_Work task_:
Reproduce every record below, character by character.

_Data extracts_:
==============================
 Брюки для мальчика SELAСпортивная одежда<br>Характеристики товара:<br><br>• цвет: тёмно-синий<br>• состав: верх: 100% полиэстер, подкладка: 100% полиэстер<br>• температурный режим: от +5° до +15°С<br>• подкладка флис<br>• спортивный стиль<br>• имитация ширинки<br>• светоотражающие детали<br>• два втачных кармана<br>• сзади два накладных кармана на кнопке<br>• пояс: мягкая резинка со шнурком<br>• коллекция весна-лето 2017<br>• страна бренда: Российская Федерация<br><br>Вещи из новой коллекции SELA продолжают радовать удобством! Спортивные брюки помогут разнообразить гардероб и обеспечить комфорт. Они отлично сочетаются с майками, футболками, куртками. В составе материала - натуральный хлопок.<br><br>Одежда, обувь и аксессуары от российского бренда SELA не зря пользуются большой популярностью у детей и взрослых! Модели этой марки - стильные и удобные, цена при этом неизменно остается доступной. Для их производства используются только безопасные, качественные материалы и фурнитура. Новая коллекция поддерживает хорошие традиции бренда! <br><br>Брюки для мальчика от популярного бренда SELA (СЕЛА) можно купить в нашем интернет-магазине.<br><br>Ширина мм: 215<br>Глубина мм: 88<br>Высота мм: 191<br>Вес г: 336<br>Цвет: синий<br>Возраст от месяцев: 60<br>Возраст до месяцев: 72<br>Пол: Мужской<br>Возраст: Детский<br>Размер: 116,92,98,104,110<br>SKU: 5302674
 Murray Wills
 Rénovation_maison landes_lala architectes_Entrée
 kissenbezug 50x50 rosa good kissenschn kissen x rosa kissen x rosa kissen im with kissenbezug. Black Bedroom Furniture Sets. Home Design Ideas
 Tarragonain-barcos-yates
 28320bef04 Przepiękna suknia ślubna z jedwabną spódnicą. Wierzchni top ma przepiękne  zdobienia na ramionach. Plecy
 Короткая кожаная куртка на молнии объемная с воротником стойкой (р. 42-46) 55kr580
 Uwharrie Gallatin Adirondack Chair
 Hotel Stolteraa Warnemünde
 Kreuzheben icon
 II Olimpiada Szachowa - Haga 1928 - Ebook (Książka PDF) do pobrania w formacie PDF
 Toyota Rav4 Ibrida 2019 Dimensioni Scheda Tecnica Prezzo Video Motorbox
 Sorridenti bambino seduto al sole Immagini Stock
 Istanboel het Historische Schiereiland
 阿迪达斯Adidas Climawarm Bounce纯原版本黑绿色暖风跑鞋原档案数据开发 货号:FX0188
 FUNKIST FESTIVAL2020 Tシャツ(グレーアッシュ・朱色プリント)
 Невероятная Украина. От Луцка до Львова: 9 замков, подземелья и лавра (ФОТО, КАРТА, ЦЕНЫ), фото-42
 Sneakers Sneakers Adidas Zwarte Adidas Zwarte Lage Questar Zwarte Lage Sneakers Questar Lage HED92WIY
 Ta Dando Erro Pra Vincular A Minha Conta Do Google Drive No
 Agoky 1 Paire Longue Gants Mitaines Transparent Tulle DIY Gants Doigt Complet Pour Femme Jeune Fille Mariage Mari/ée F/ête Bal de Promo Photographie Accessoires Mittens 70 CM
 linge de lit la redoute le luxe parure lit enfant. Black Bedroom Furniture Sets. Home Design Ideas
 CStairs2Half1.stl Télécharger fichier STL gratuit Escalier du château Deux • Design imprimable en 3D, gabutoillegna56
==============================
_Answer_:
 Брюки для мальчика SELAСпортивная одежда<br>Характеристики товара:<br><br>• цвет: тёмно-синий<br>• состав: верх: 100% полиэстер, подкладка: 100% полиэстер<br>• температурный режим: от +5° до +15°С<br>• подкладка флис<br>• спортивный стиль<br>• имитация ширинки<br>• светоотражающие детали<br>• два втачных кармана<br>• сзади два накладных кармана на кнопке<br>• пояс: мягкая резинка со шнурком<br>• коллекция весна-лето 2017<br>• страна бренда: Российская Федерация<br><br>Вещи из новой коллекции SELA продолжают радовать удобством! Спортивные брюки помогут разнообразить гардероб и обеспечить комфорт. Они отлично сочетаются с майками, футболками, куртками. В составе материала - натуральный хлопок.<br><br>Одежда, обувь и аксессуары от российского бренда SELA не зря пользуются большой популярностью у детей и взрослых! Модели этой марки - стильные и удобные, цена при этом неизменно остается доступной. Для их производства используются только безопасные, качественные материалы и фурнитура. Новая коллекция поддерживает хорошие традиции бренда! <br><br>Брюки для мальчика от популярного бренда SELA (СЕЛА) можно купить в нашем интернет-магазине.<br><br>Ширина мм: 215<br>Глубина мм: 88<br>Высота мм: 191<br>Вес г: 336<br>Цвет: синий<br>Возраст от месяцев: 60<br>Возраст до месяцев: 72<br>Пол: Мужской<br>Возраст: Детский<br>Размер: 116,92,98,104,110<br>SKU: 5302674
 Murray Wills
 Rénovation_maison landes_lala architectes_Entrée
 kissenbezug 50x50 rosa good kissenschn kissen x rosa kissen x rosa kissen im with kissenbezug. Black Bedroom Furniture Sets. Home Design Ideas
 Tarragonain-barcos-yates
 28320bef04 Przepiękna suknia ślubna z jedwabną spódnicą. Wierzchni top ma przepiękne  zdobienia na ramionach. Plecy
 Короткая кожаная куртка на молнии объемная с воротником стойкой (р. 42-46) 55kr580
 Uwharrie Gallatin Adirondack Chair
 Hotel Stolteraa Warnemünde
 Kreuzheben icon
 II Olimpiada Szachowa - Haga 1928 - Ebook (Książka PDF) do pobrania w formacie PDF
 Toyota Rav4 Ibrida 2019 Dimensioni Scheda Tecnica Prezzo Video Motorbox
 Sorridenti bambino seduto al sole Immagini Stock
 Istanboel het Historische Schiereiland
 阿迪达斯Adidas Climawarm Bounce纯原版本黑绿色暖风跑鞋原档案数据开发 货号:FX0188
 FUNKIST FESTIVAL2020 Tシャツ(グレーアッシュ・朱色プリント)
 Невероятная Украина. От Луцка до Львова: 9 замков, подземелья и лавра (ФОТО, КАРТА, ЦЕНЫ), фото-42
 Sneakers Sneakers Adidas Zwarte Adidas Zwarte Lage Questar Zwarte Lage Sneakers Questar Lage HED92WIY
 Ta Dando Erro Pra Vincular A Minha Conta Do Google Drive No
 Agoky 1 Paire Longue Gants Mitaines Transparent Tulle DIY Gants Doigt Complet Pour Femme Jeune Fille Mariage Mari/ée F/ête Bal de Promo Photographie Accessoires Mittens 70 CM
 linge de lit la redoute le luxe parure lit enfant. Black Bedroom Furniture Sets. Home Design Ideas
 CStairs2Half1.stl Télécharger fichier STL gratuit Escalier du château Deux • Design imprimable en 3D, gabutoillegna56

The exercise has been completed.